The storm lasted three days.

By the time the wind finally calmed, the world outside had transformed into a frozen cathedral silent, vast, and white in every direction. Snowbanks rose higher than the windows. The trees sagged beneath their winter coats. The sky was a pale silver, still heavy with the promise of more snow.

Inside Northstar Haven, warmth hummed through the halls again. The generator wasn't at full strength, but electricity flickered on in intervals enough to keep the lights dim and the water warm. The lodge felt alive again, breathing softly beneath the weight of winter.

But for Matrin, the real transformation had happened inside.

Between them.

The fourth morning dawned gray and soft. Elara had already been awake for hours, as usual. Matrin emerged from his room to find her at the kitchen counter, sleeves rolled up, hair loosely tied back, preparing batter for breakfast muffins.

"You're up early," he said, rubbing sleep from his eyes.

She didn't look back. "You're up late."

He smiled. "Three days of storm… maybe my body thought I deserved sleeping in."

She poured the batter into a pan. "The storm isn't gone.
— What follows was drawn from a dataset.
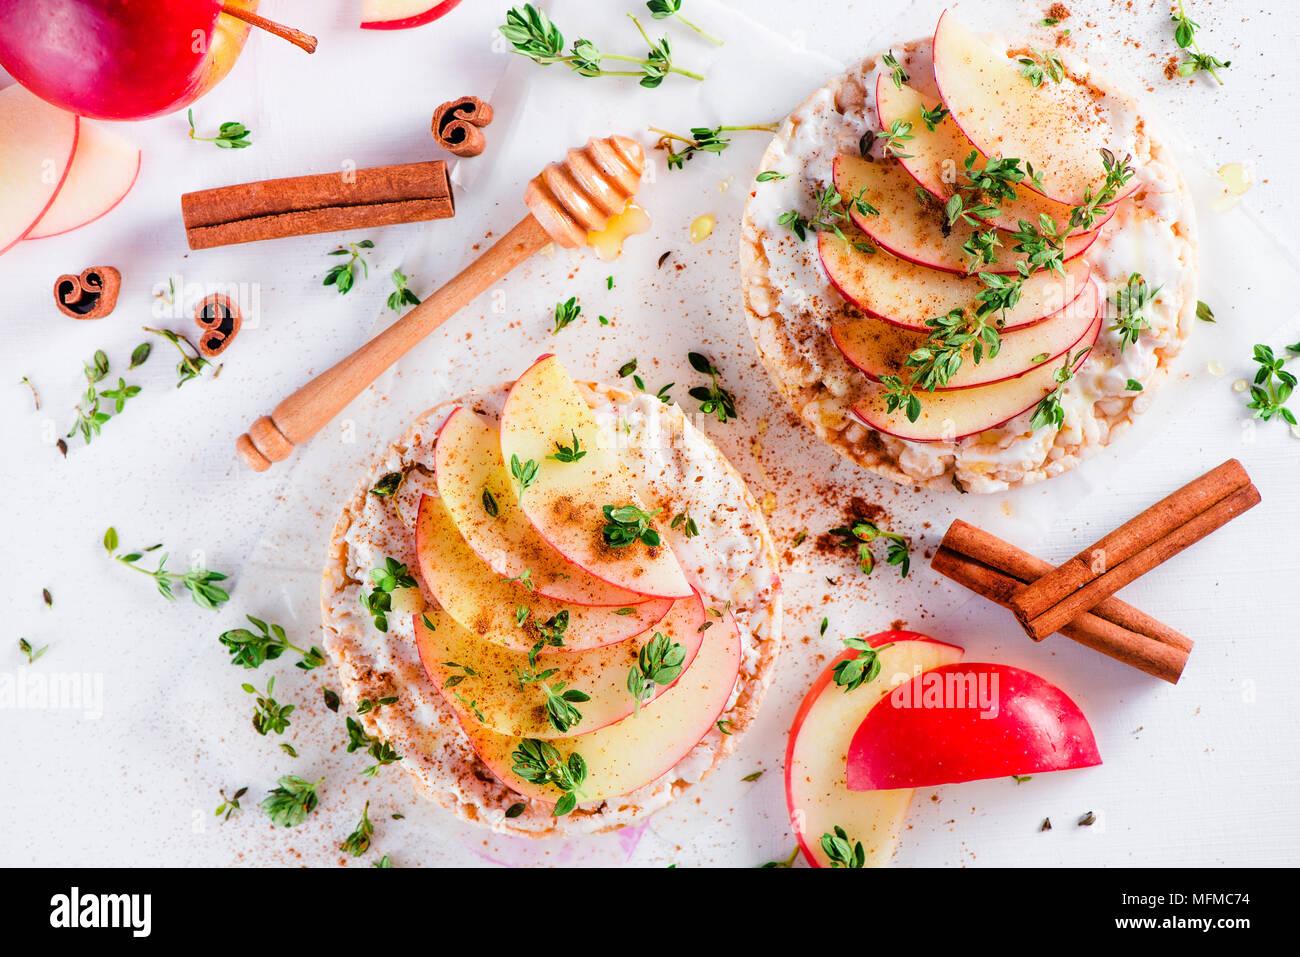 Knäckebrot Snack mit Apfelscheiben, Zimt, griechischen Joghurt, Honig und frischen Thymian. Einfaches Frühstück close-up auf weißem Hintergrund mit kopieren. Stockbild

This is a pause."

"Then maybe my body thinks it deserves a pause," he teased.

That earned him a small, reluctant glance a hint of a smile hiding in the corner of her mouth.

Matrin reached for the kettle. "Let me make the tea."

"You'll make it too weak."

"I won't."

"You always do."

He held up a hand dramatically. "This time, I will prove you wrong."

She snorted soft, brief, but real. He caught it, and something warm bloomed in his chest.

He liked her laugh.

He liked making her smile.

He liked the way she softened without meaning to.

And without realizing it, he reached for his camera.

Over the next few days, life settled into a rhythm Matrin had never expected: quiet, intimate, domestic in a way that felt dangerous.

In a way that felt right.

They cleared snow off the stairs together.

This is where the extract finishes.